On the other hand, performances of Shakespeare, “Swan Lake” and “South Pacific” are valued for more than their sexual aspects. The “sexual conduct” in which Romeo and Juliet might engage is incidental to the main point of the play. It is merely part of an overall performance, the many parts of which are simply means to an end, i.e., the depiction of realistic characters in a believable story. Anyone who has seen “South Pacific” knows that any similarity between Ezio Pinza’s performance and defendant’s is purely coincidental. Moreoever, Romeo’s acting was never intended to motivate members of the audience to stuff monetary trinkets into his leotards and fondle his private parts. In fact, one of the most striking differences between defendant’s performance and all the theatrical productions referred to in the majority opinion is that none of the latter rely on audience participation for their sexual content.

Accordingly, I would construe ORS 167.062(1) to cover only those live public shows in which sado-masochistic abuse, masturbation, intercourse and acts of “gross sexuality” are the exclusive theme. I therefore would reject defendant’s constitutional challenge.

Even assuming that the majority is correct, I still see no reason to strike down the entire statute. The only part of ORS 167.062 identified by the majority as overbroad is the phrase:

“* * * any touching of the genitals, pubic areas or buttocks of the human male or female, or the breasts of the female, whether alone or between members of the same or opposite sex or between humans and animals in an act of apparent sexual stimulation or gratification.”
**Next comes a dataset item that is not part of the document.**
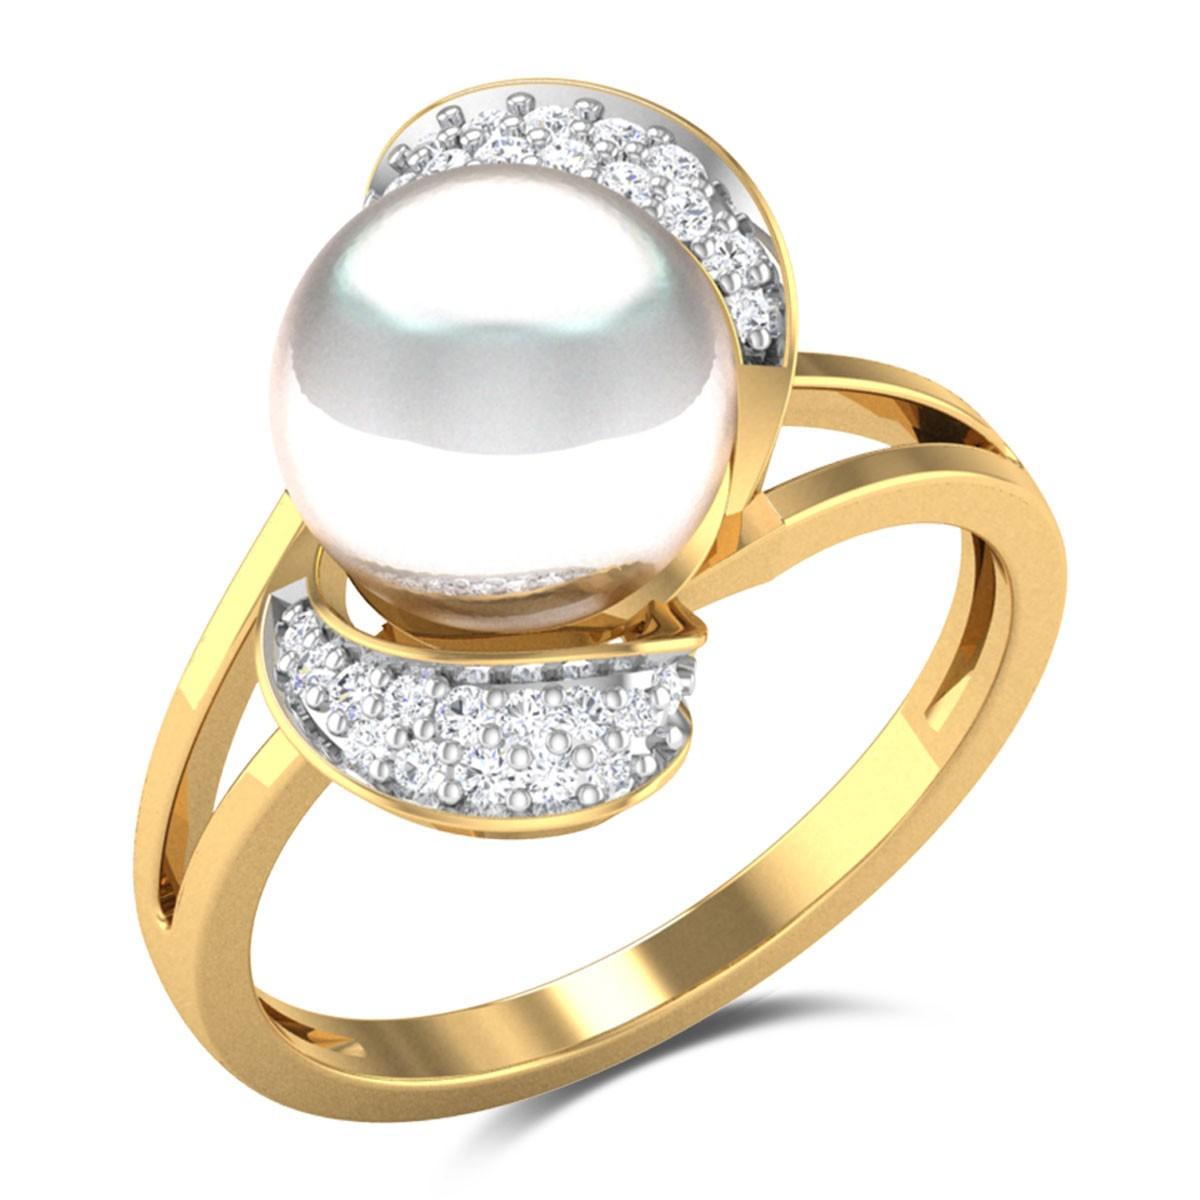 Aanya Pearl Blossom Ring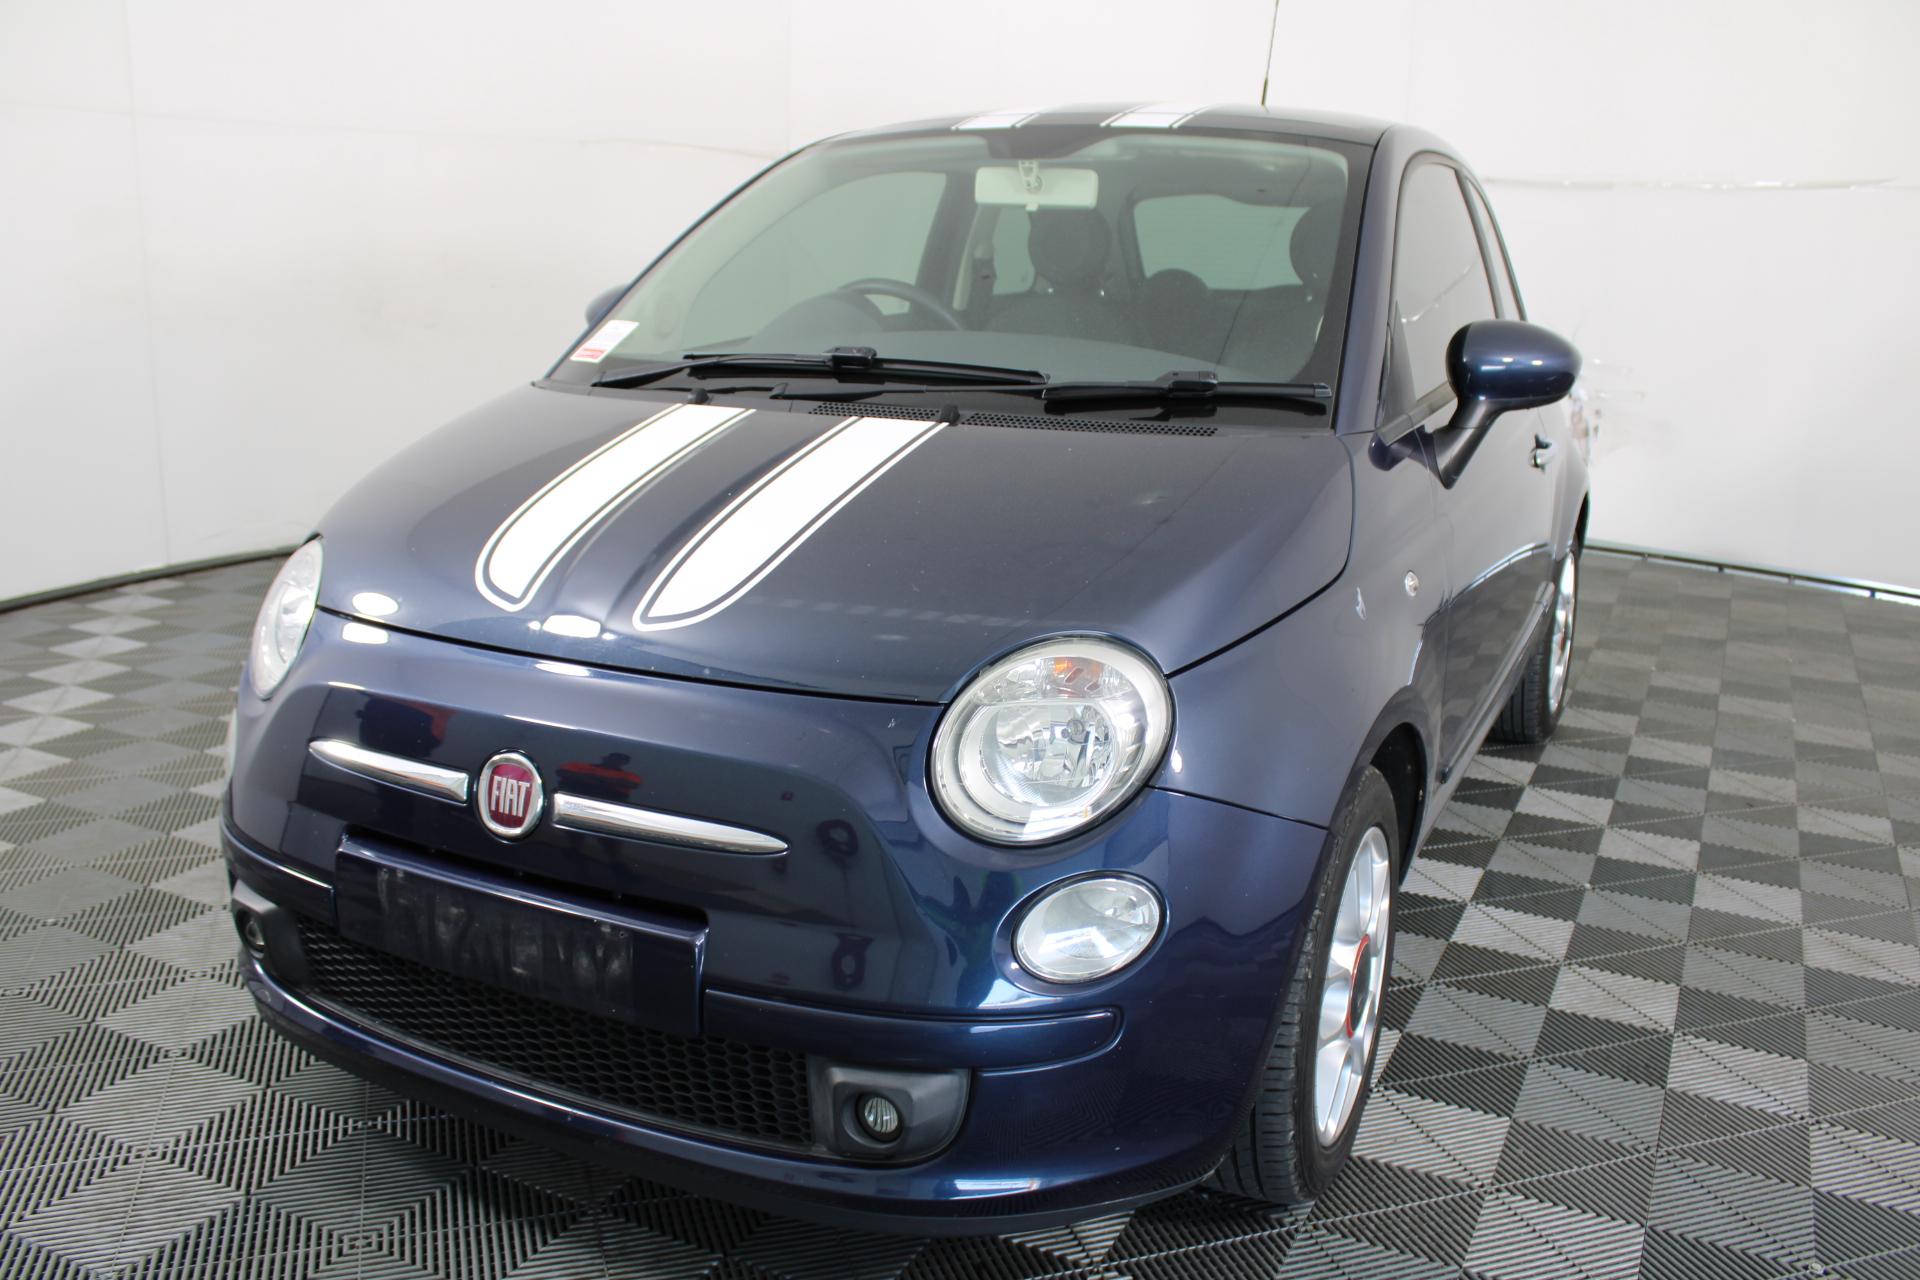 2008 (2009) Fiat 500 POP Hatchback 68,878km

Apparently, it concedes that the rest of the statute lacks constitutional problems. This is not surprising. I have been *962unable to think of any legitimate theatrical production involving actual intercourse, actual masturbation or sado-masochistic abuse. Accordingly, I believe that, instead of striking down the entire statute with our judicial axe, we should simply prune out the diseased limb. See ORS 174.040; State v. Cantwell, 66 Or App 848, 852, 676 P2d 353 (1984). That can easily be accomplished here by simply excising that portion of the definition of sexual conduct which the majority has invalidated. Such an approach would result in a new, narrower definition of sexual conduct under ORS 167.060(10). That definition would provide that “sexual conduct means masturbation [or] sexual intercourse.” The remainder of ORS 167.062 would remain intact, and through its incorporation of the new definition of sexual conduct, it would apply to a narrower range of behavior. Because that narrower range of behavior would not include touching of the genitals, breasts or buttocks in an apparently sexual manner, there should be no constitutional problems.